BARステラアビス

 
―――果たして自分は、こんな顔をしていただろうか。

バーでの一件を経て、本物の顔と日常を取り戻してから、ふとそんなふうに思う瞬間がある。それは街中のガラスに映る自分の姿が目に入った時であったり、過去にスマートフォンで撮った自分と友だちの写真を眺めている時であったり、こうして少し乱暴に顔を洗って、洗面所の鏡に映る不機嫌な表情と向き合っている時であったりする。

「……」

びしょ濡れの頬をむにむに、と揉む。造形そのものは変わっていないはずだが、どうにも拭えない違和感にサマヨイは更に顔をしかめた。店を訪れる常連たちの目には最初からこの素顔が見えていたとは聞くが、バーのトイレの鏡や水溜まりに映っていたサマヨイの顔は、本人の認識としてはずっと黒い山羊の仮面に覆われていたのだ。そこにぼんやりと灯っていた瞳は、本当に自らの生きた感情を示していたのだろうか。相手の見たいように見えていただけではないだろうか。だとすれば、あのバーに存在していた仮面の「サマヨイ」とは何者だったのか。今もまだどこかにいるのか。少しだけ、怖くなる。

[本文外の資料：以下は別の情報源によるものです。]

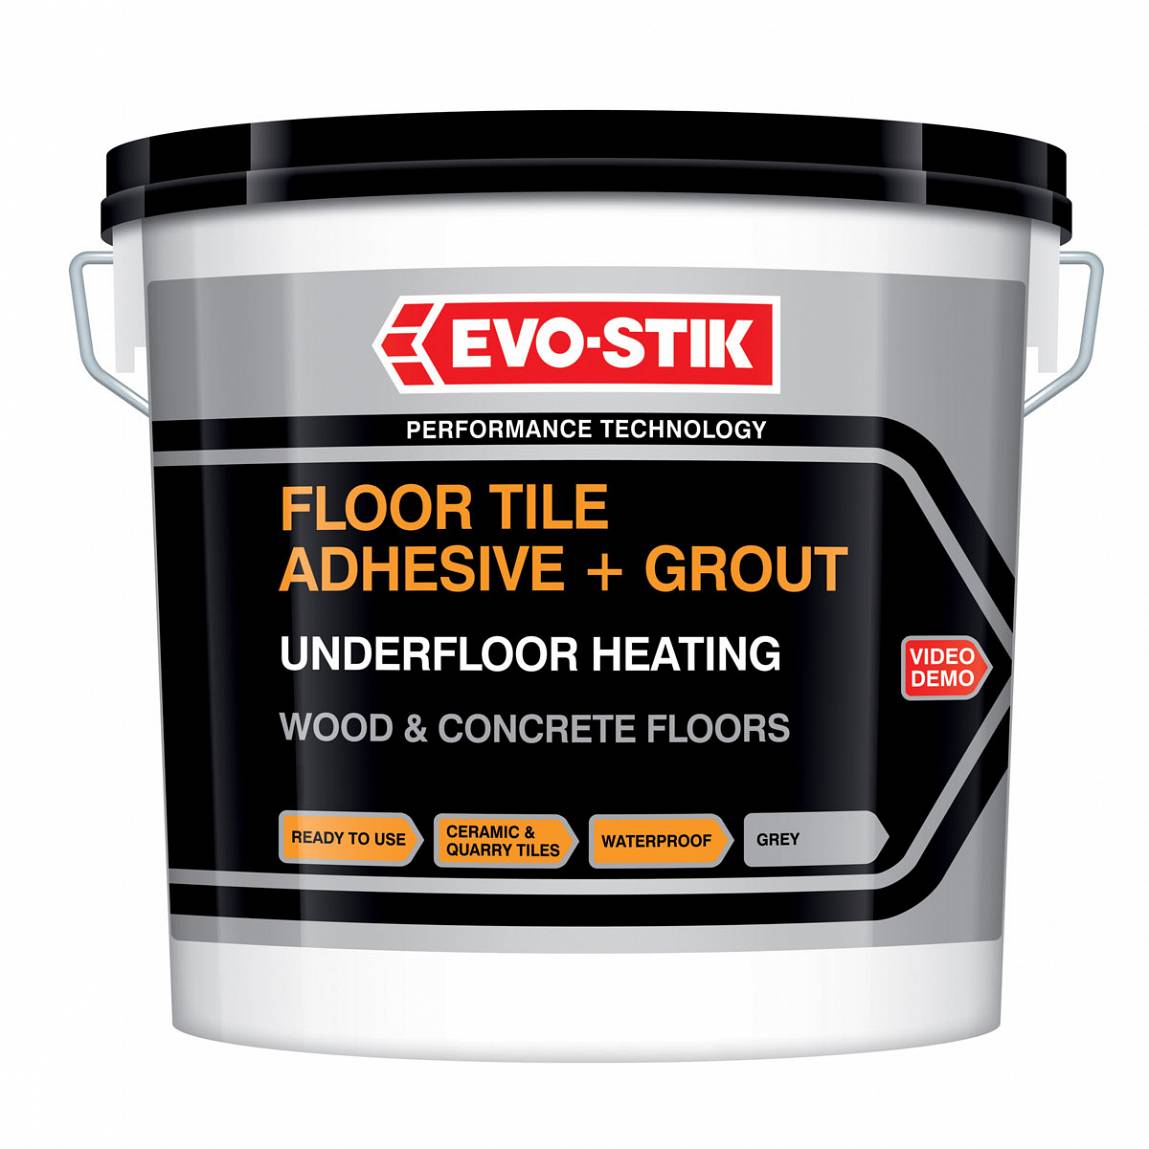 Wood/Concrete Floor Adhesive Trade 16.23kg | VictoriaPlum.com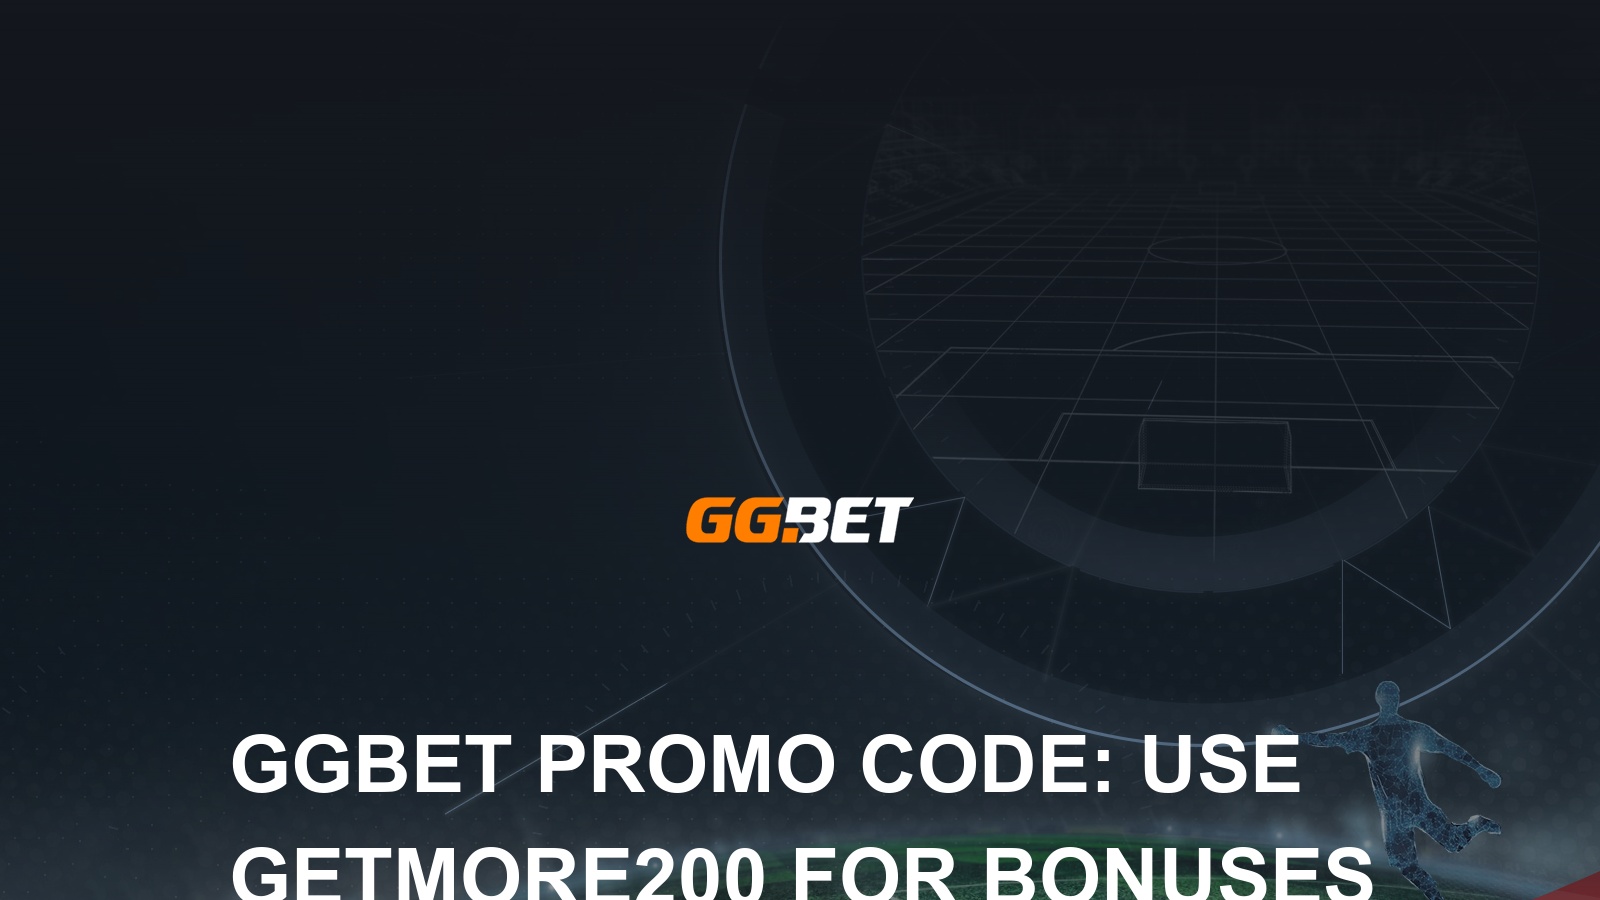 ggbet free spins code

妙な話だが、久々に目にする自分の素顔にまだ慣れていない、というだけならいい。違和感はいずれ薄れていくのだから。しかしそうではなくて、もしかしたら、ヨイの世界の奥深くへ潜る度にひとつずつ、何かを置いてきてしまったのではないだろうか―――不意に喉をぎゅっと締め付けられるような不安に襲われ、サマヨイは固くまぶたを閉じた。

「サマヨイさん?」

背後からかけられた声に、サマヨイははっと振り向く。洗面所の入り口にはカジが立っていた。顔を洗い終えてから、神妙な面持ちで鏡とにらめっこをするサマヨイの様子をうかがっていたのだろうか。手にしたタオルをサマヨイに渡しながら、「どうかされましたか」と首を傾げている。

「なんだか……なんだかね、」

サマヨイは、受け取ったタオルで顔の水気を拭って、少し迷ってから、

「ちょっと、顔……が、変わったかな? なんて、気がして……まだ寝ぼけてるのかな、あはは……」

軽い冗談の形を模して、ひとりでは確かめようのない不安がぽろり、と溢れる。頼りなく笑うサマヨイの言葉に、カジは面食らったように小さく「え」と漏らしたが、すぐに何かを察したのだろう。サマヨイと目線を合わせるように少しだけ屈んでみせた。あの頃はどこにも向いていなかった視線が、今はかっちりと噛み合っている。

「あなたは出会った時からずっと、あなたのままですよ」

―――よく笑って、他人の不幸を一緒に悲しんで、怒らなければいけない時には真剣に怒る。何も変わりません。

まるで幼い子供に言い聞かせるように、ゆっくりと告げる。そして、ね、とやんわり微笑んで見せた。

「……本当に?」
「はい、それに今日だってとても可愛らしい」
「……前半はよかったのにそういうのがなんかダメ」
「えっ、なんでですか」
「それは自分で考えておいて。変なこと言ってごめんね、朝ごはんにしよ」

やっぱりいくら事実でも相手だって大人の男の人だから「可愛い」はいけないか……、などとぶつぶつ考え込んでしまったカジの手を引いて、サマヨイは洗面所を後にする。慌ててぷいと顔を逸らしたけど、口の端が持ち上がりそうになっているのがばれていなければいい。

「……ありがとう、ね」

押さえつけられるような感覚がふわりとほどけて、息がしやすくなった。今朝は、とびきり甘いカフェオレを淹れよう。